I’m no hiking expert, but I’d call the Valley of the Five Lakes hike an easy to medium hike. The full loop is 4.5 kilometres and you’ll want to take your time, with stops to take photos and enjoy the beauty. It took us about two hours. We hiked at a good pace, but stopped to appreciate the views. There are a few steep inclines, but much of the hike is flat or at low level inclines.
It’s worth noting the water in the lakes is so clean, my husband drank it (big risk taker that guy). He didn’t get sick. I thought you might want to know, in case you’re thirsty.
Valley of the Five Lakes hike overview
All five lakes are different, which makes this hike all the more interesting. If you don’t want to see what they all look like, you may want to close this blog now. I had read that lakes three and four are the most beautiful (yes, they have the most boring names of lake one, two, three, etc.). But I took a liking to lakes one and two, and also found five highly enchanting.
Slightly past the trailhead takes you over a bridge crossing Wabasso Creek. From there, choose which way to take the loop (we went left) and you’ll come back around to this bridge at the end of the hike. Upon our arrival at lake one, we were treated to a gorgeous expanse of water, her body a ripple of competing shades of turquoise and deep blue. There was a snow-capped mountain and that wonderful blue sky in the background. There should’ve been a painter with an easel set up.
As we approached lake two, we kind of thought, meh. But, as you get closer, and depending on how the sun is shining on it, it turned out to be the most magnificent. There are multiple viewpoints for this stunner, where the different shades of green paint an intricate mosaic to feast your eyes on.
Lakes 3 and 4 were right next to one another. Three’s transition from turquoise around the edges to dark blue in the centre stole the show. Lake four was a typical Rocky Mountain lake – clean enough to drink from and still lovely.
After four dazzling lakes, whatever lake five held was a bonus. And what it held was possibly the most clear lake water I’ve ever seen. There was a dock to walk out on, and every rock, log, and article of debris could be clearly seen though its pale jade-green waters.
You can’t go wrong with this quintuplet of lakes and I had to stop and wonder how magnificent it might be to swim in these beauties on a hot summer’s day!
After lake five, there was about another half kilometre trek back to the parking lot.

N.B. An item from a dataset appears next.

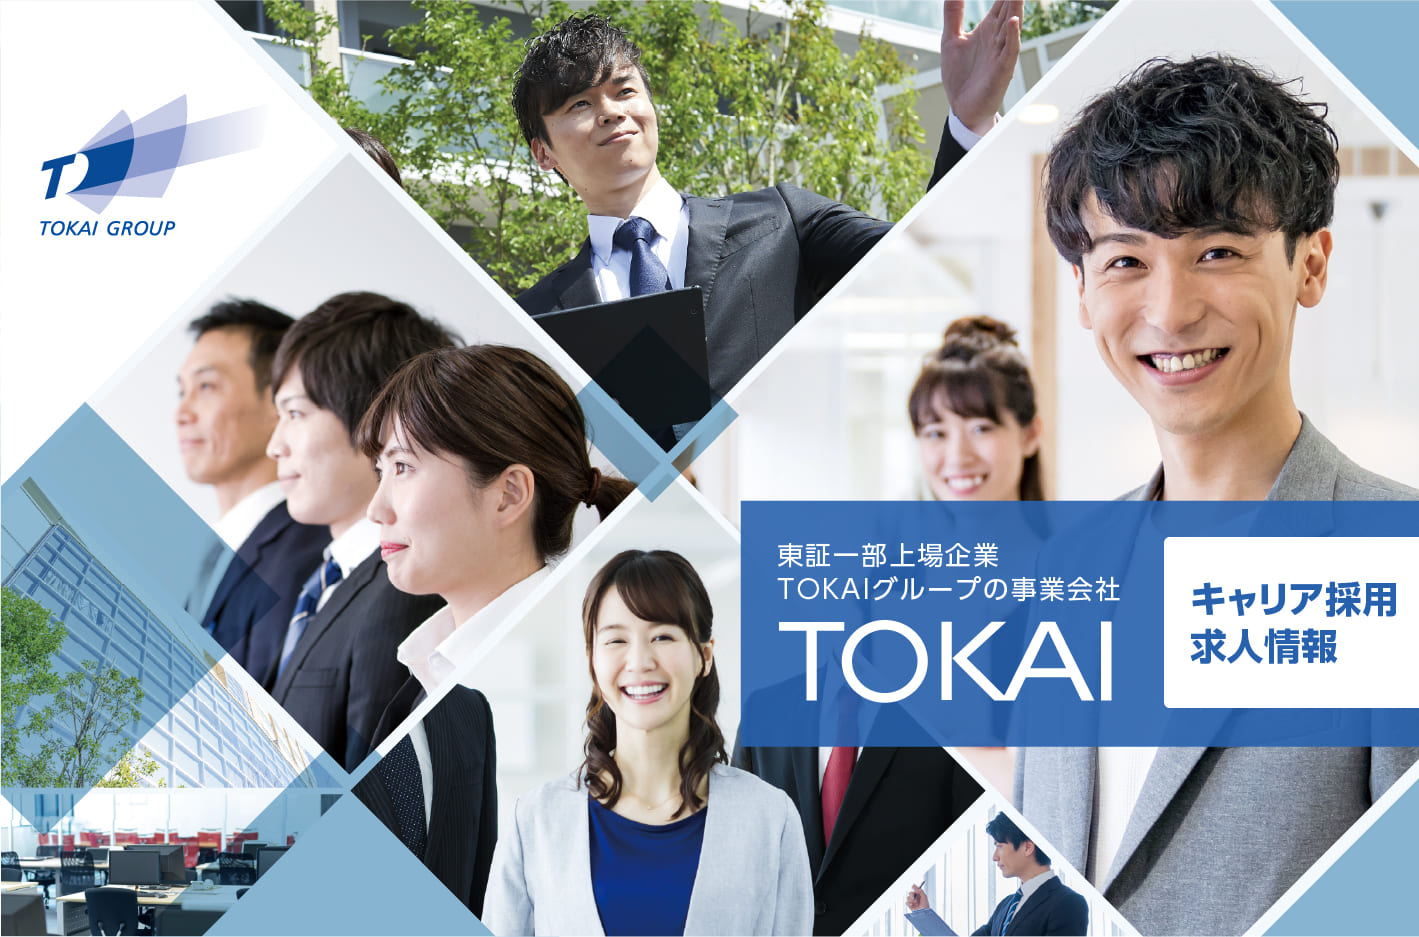 東証一部上場企業TOKAIグループの事業会社TOKAIキャリア採用求人情報
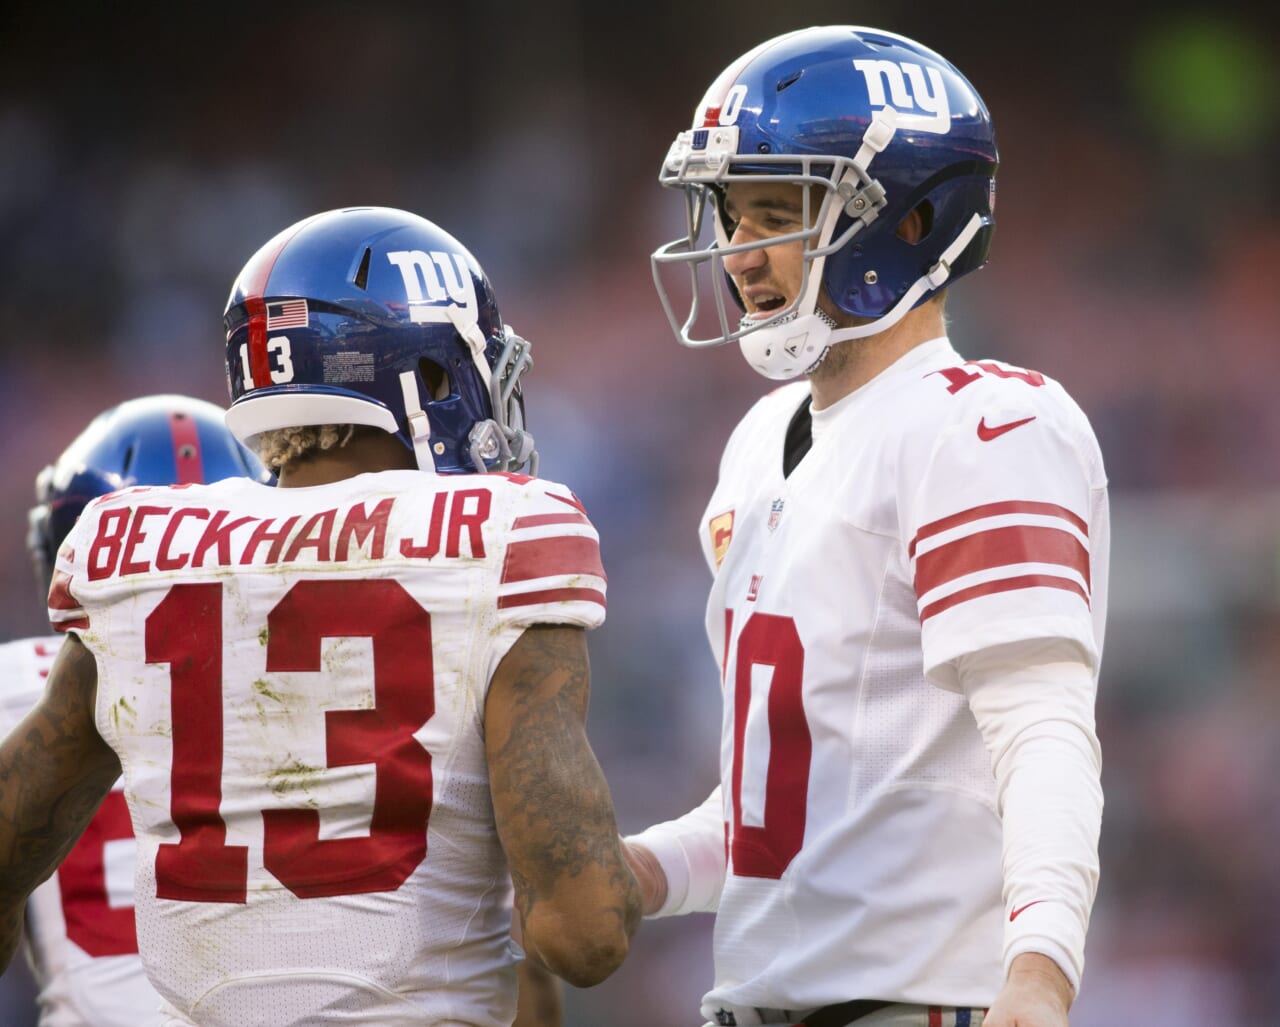 Eli Manning On The Return Of Giants’ Odell Beckham Jr. – 2018 Expectations

Valley of the five lakes hike: final thoughts
The Valley of the five lakes hike is a Jasper “must do” if you’re into hiking and natural beauty. It’s a great length, not too challenging (but still great exercise), and offers amazing scenery. You can accomplish this hike in a morning or afternoon, while enjoying another activity that same day, since Jasper has so much to offer. Hell, if you’ve partied the night before, you can even complete this hike without getting too tuckered out. We sampled gins, rums, scotches, and tequila cocktails from the fabulous Downstream Lounge the night before. But when the owner is an old friend, these things happen (thanks Soto)!
That leads me to…
Where to eat and drink in Jasper
A hiker’s gotta eat, right?! We sampled many fine food and beverage options in the wee town of Jasper. Our top picks are: Orso Trattoria at the Fairmont Jasper Park Lodge for fine dining, Syrahs of Jasper in town for cozy food and wine, the Downstream Jasper for casual fare and an amazing array of cocktails and spirits, and Harvest Food & Drink for a delicious brunch.
Jasper can be visited any time of the year. While you may experience frigid temperatures from November to March, you can “bundle up” and enjoy some skiing at Marmot Basin Ski Resort, or many other winter activities. Spring, summer, and fall offer fabulous hikes, scenery, climbing, wildlife, and more. Not to mention the townsite of Jasper is charming year-round.